The critical insight is that neither loop alone is sufficient. Stateless MCTS discards hard-won reasoning patterns. Pure experience replay without structured search drifts toward confirmation bias. The coupling of disciplined exploration with empirical accumulation is what produces the 10-20 percentage point gains observed on benchmarks like AIME25 (73.3% vs 63.3% for LLaMA-Berry) and MathArena Apex.

Step-by-Step Workflow

1. Initialize the search tree and experience memory

Create a root node containing the problem statement and an initial system prompt (generic or domain-appropriate). Initialize an empty experience memory (or load prior experiences if solving a series of related problems). Set search parameters: rollout budget (T=4-8 for most tasks), retrieval count (k=3-5 prior experiences), and decay factor (gamma=0.7 for backpropagation).

2. Retrieve relevant prior experiences

Classify the problem by task type (e.g., "graph algorithm", "string parsing", "geometry proof"). Query the experience memory for the top-k most semantically relevant insights. These become the experience_prior that biases the current search.

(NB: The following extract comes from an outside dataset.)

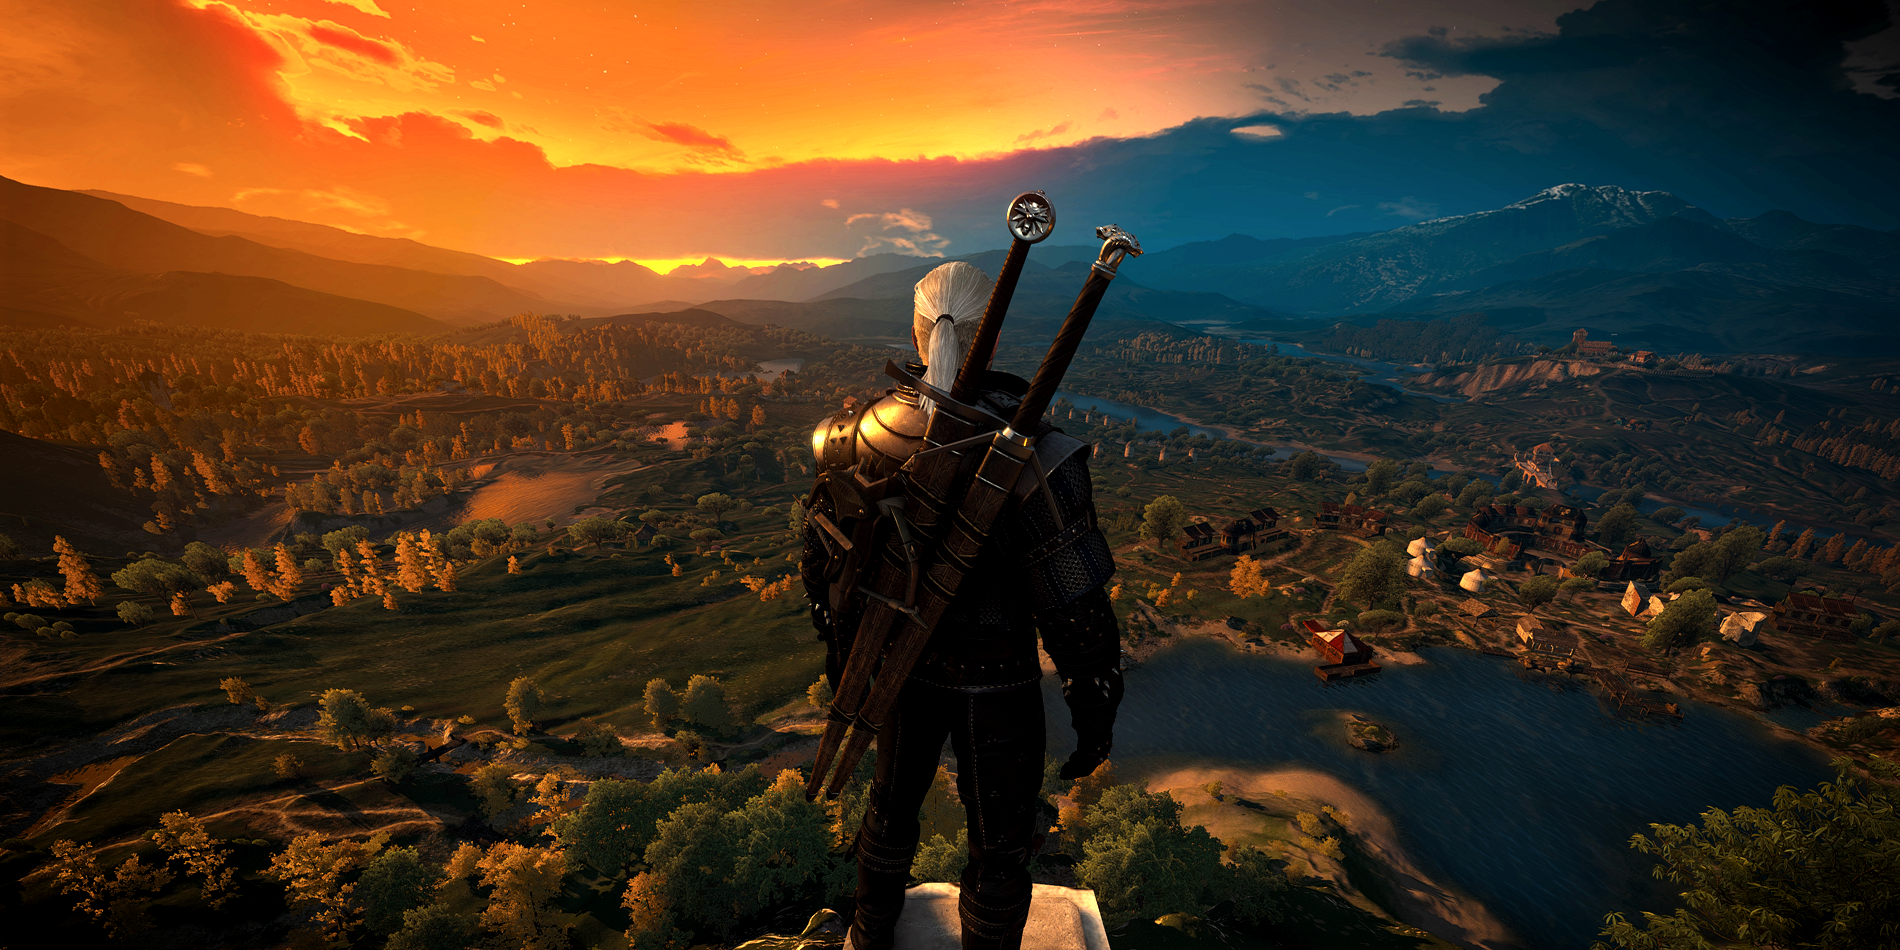 Geralt stands elevated looking down on the world at sunset, Witcher 3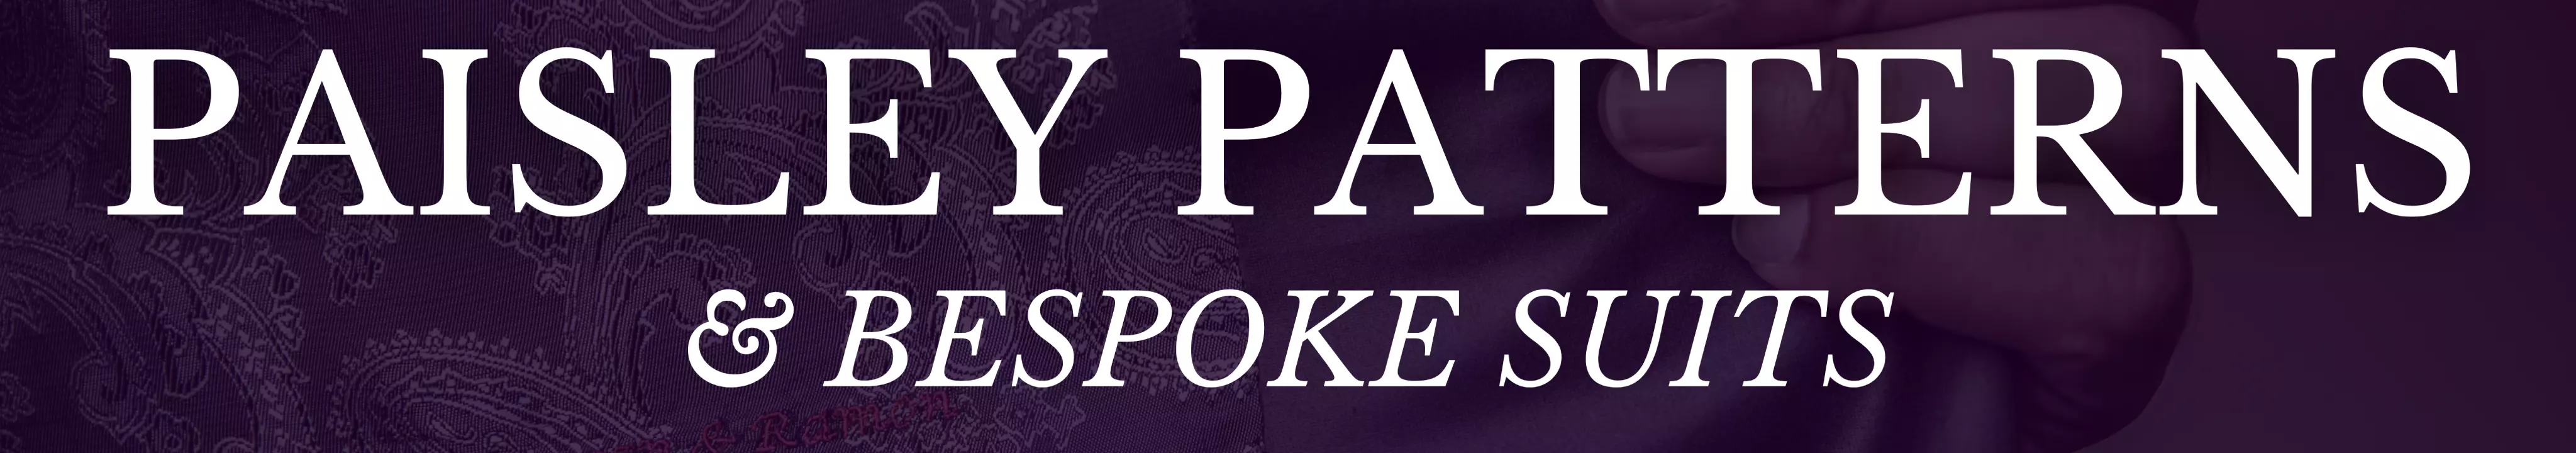 Relationship between paisley patterns and bespoke suits

3. Select the most promising node via UCB

Apply Upper Confidence Bound to balance exploitation (high-scoring nodes) with exploration (under-visited nodes). For the first iteration, this is trivially the root.

4. Expand by generating a candidate solution

Using the current node's meta-prompt, the retrieved experiences, and the problem statement, generate a new candidate solution. This is a full attempt at solving the problem -- not a partial step.

5. Score via PE-EMP pairwise comparison

Compare the new candidate against the current best (or baseline) using the 7-stage PE-EMP process:

Generate criteria: Formulate 3-5 evaluation dimensions specific to this problem (e.g., "correctness of edge case handling", "time complexity", "code readability")
Comparative analysis: Chain-of-thought comparison of candidate vs. baseline on each criterion
Weight and score: Assign percentage weights to criteria, compute weighted scores on [0, 10]
Synthesize insights: Merge comparison feedback with prior experiences into new empirical insight
Evolve the meta-prompt: Extract critical success factors and failure lessons to produce a refined system prompt for the next expansion

6. Backpropagate scores through the tree

Update Q-values from the scored child node back to the root using decay: Q(parent) = (1 - gamma) * Q(parent) + gamma * Q(child). This lets strong insights propagate efficiently.

7. Repeat for T rollouts

Loop steps 3-6 for the remaining rollout budget. Each iteration uses the evolved meta-prompt from the previous PE-EMP cycle, so the search narrows toward high-quality solutions while the criteria themselves sharpen.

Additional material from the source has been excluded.